**WHAT YOU ARE ASKED TO DO:**
Among the records below, which lines contain the string "intricate"? Report them.

**DATA SECTION:**
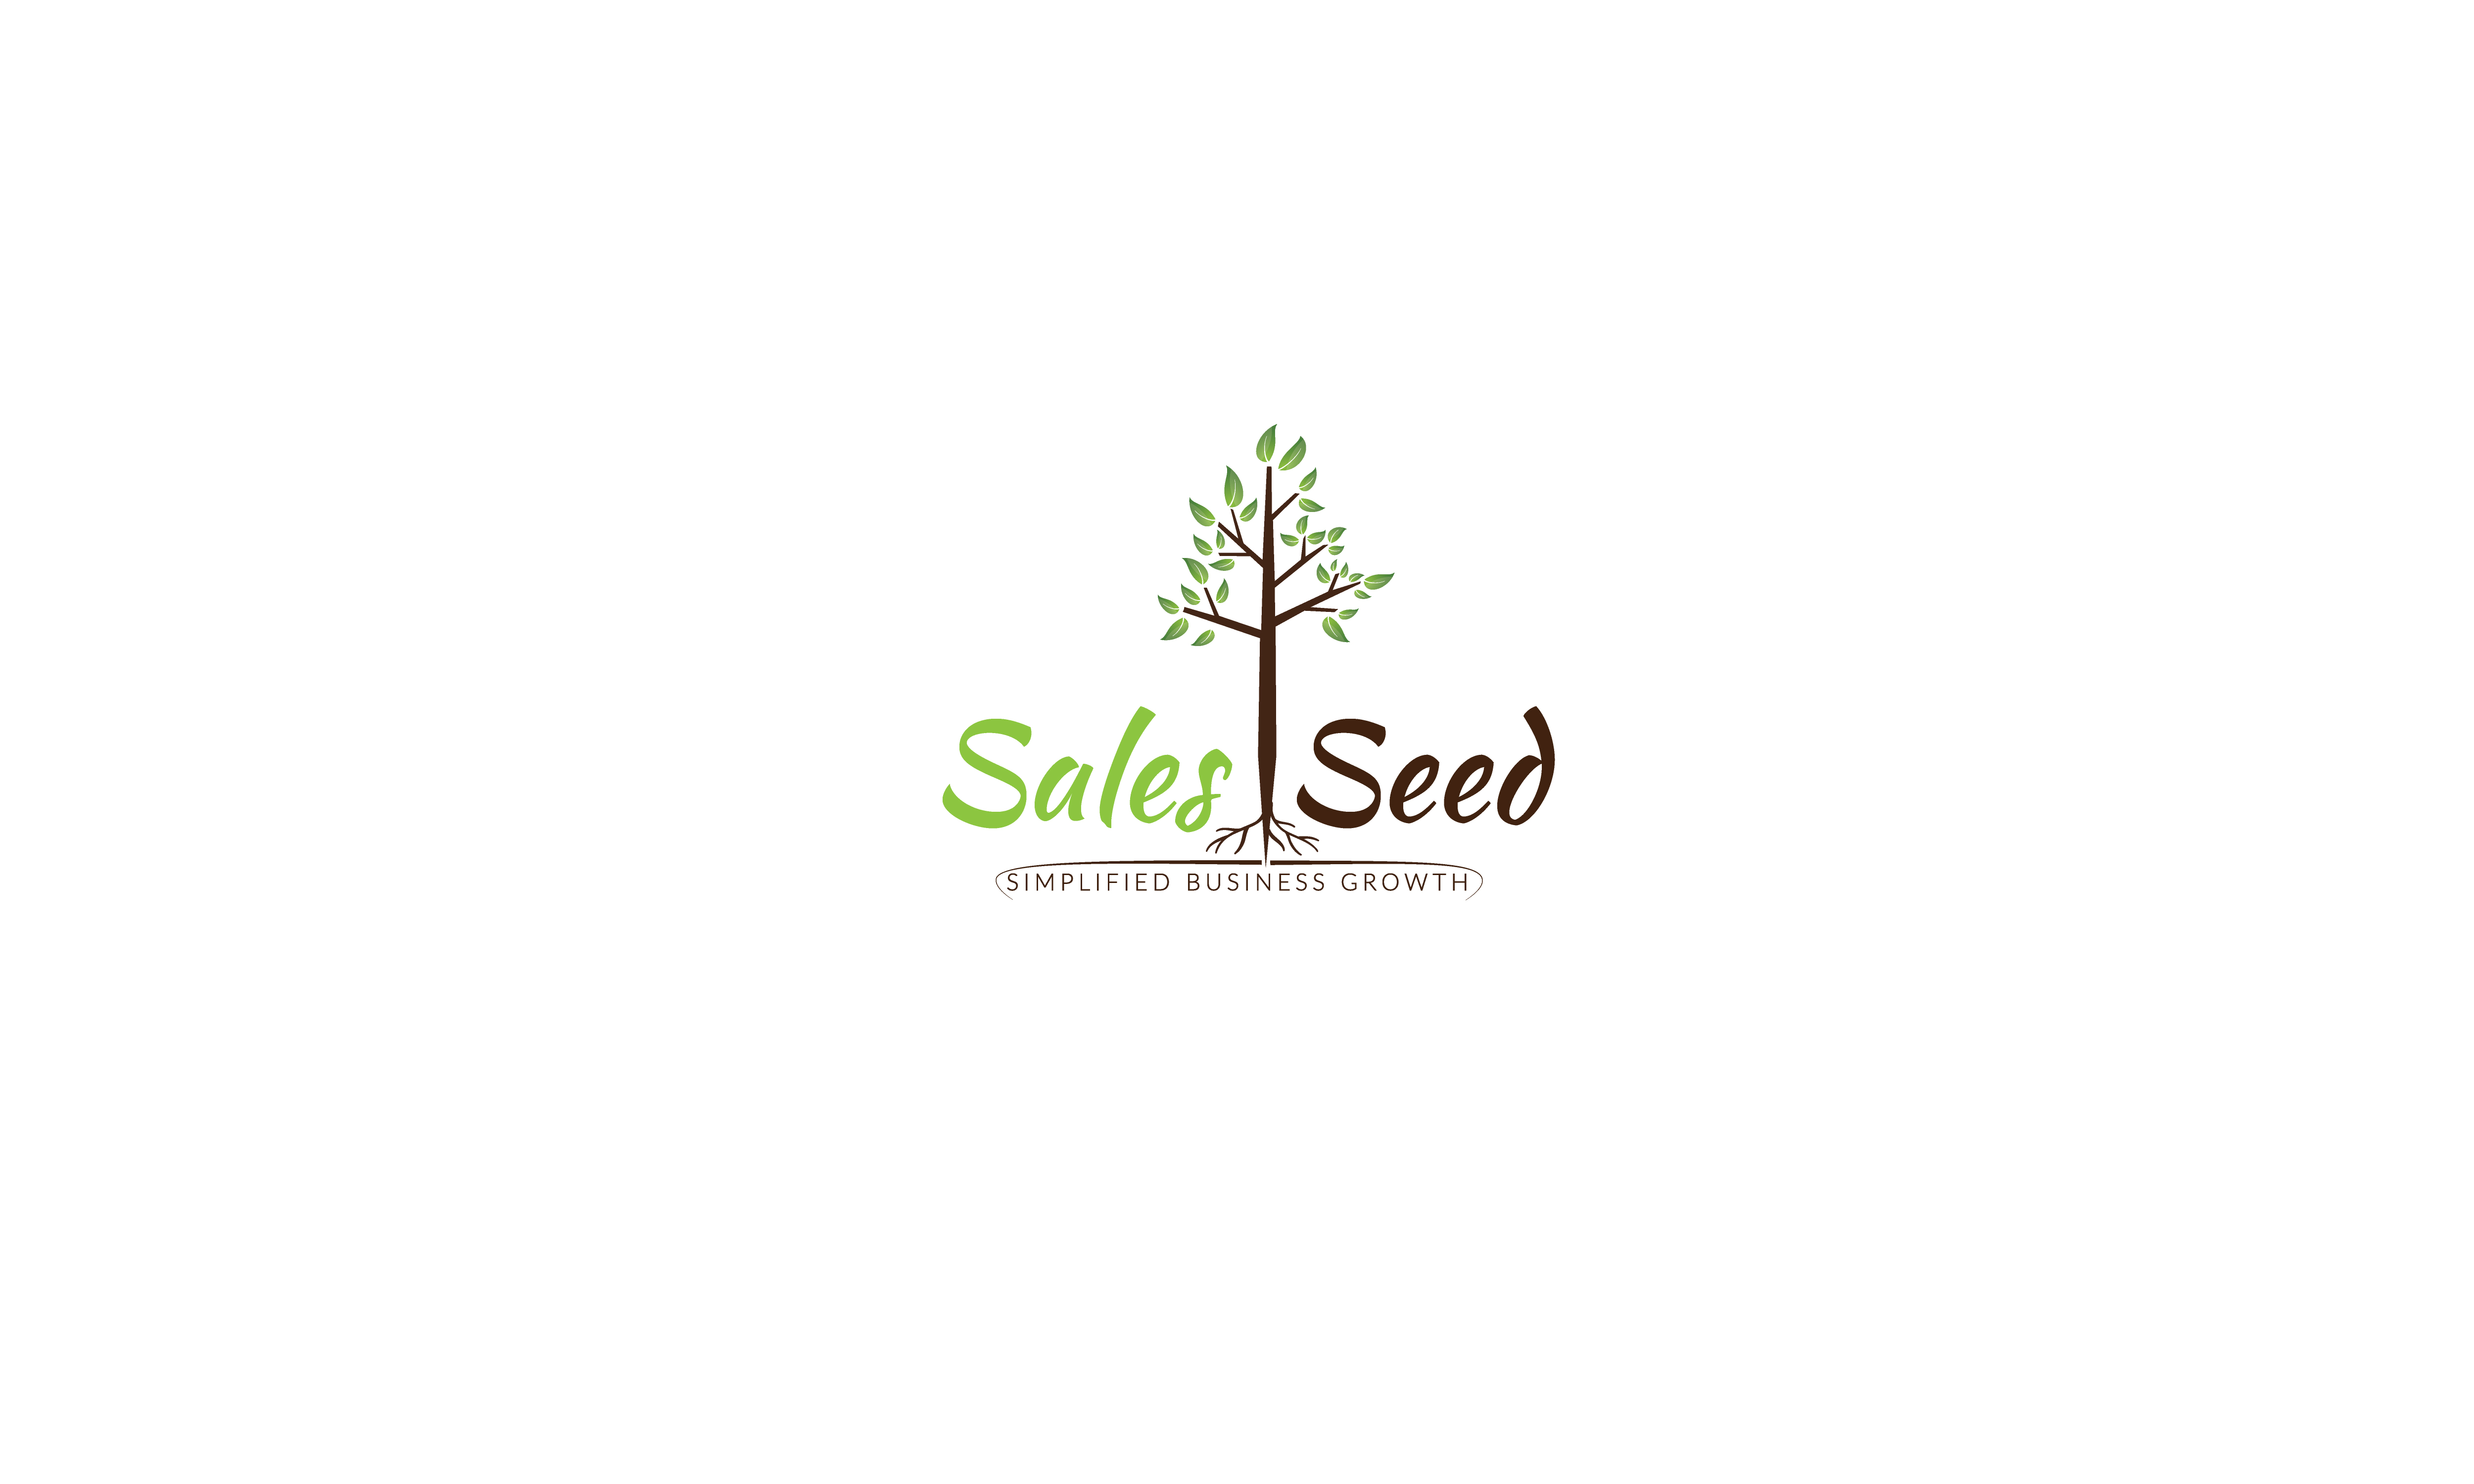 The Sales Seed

--

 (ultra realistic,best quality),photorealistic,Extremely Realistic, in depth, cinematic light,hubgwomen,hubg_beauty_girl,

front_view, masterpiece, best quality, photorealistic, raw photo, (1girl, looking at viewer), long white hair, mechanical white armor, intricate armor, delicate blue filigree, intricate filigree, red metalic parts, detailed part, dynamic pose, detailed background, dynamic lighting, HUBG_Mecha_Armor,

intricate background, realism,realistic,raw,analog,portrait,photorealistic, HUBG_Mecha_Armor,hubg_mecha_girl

**RESPONSE BOX:**
front_view, masterpiece, best quality, photorealistic, raw photo, (1girl, looking at viewer), long white hair, mechanical white armor, intricate armor, delicate blue filigree, intricate filigree, red metalic parts, detailed part, dynamic pose, detailed background, dynamic lighting, HUBG_Mecha_Armor,
intricate background, realism,realistic,raw,analog,portrait,photorealistic, HUBG_Mecha_Armor,hubg_mecha_girl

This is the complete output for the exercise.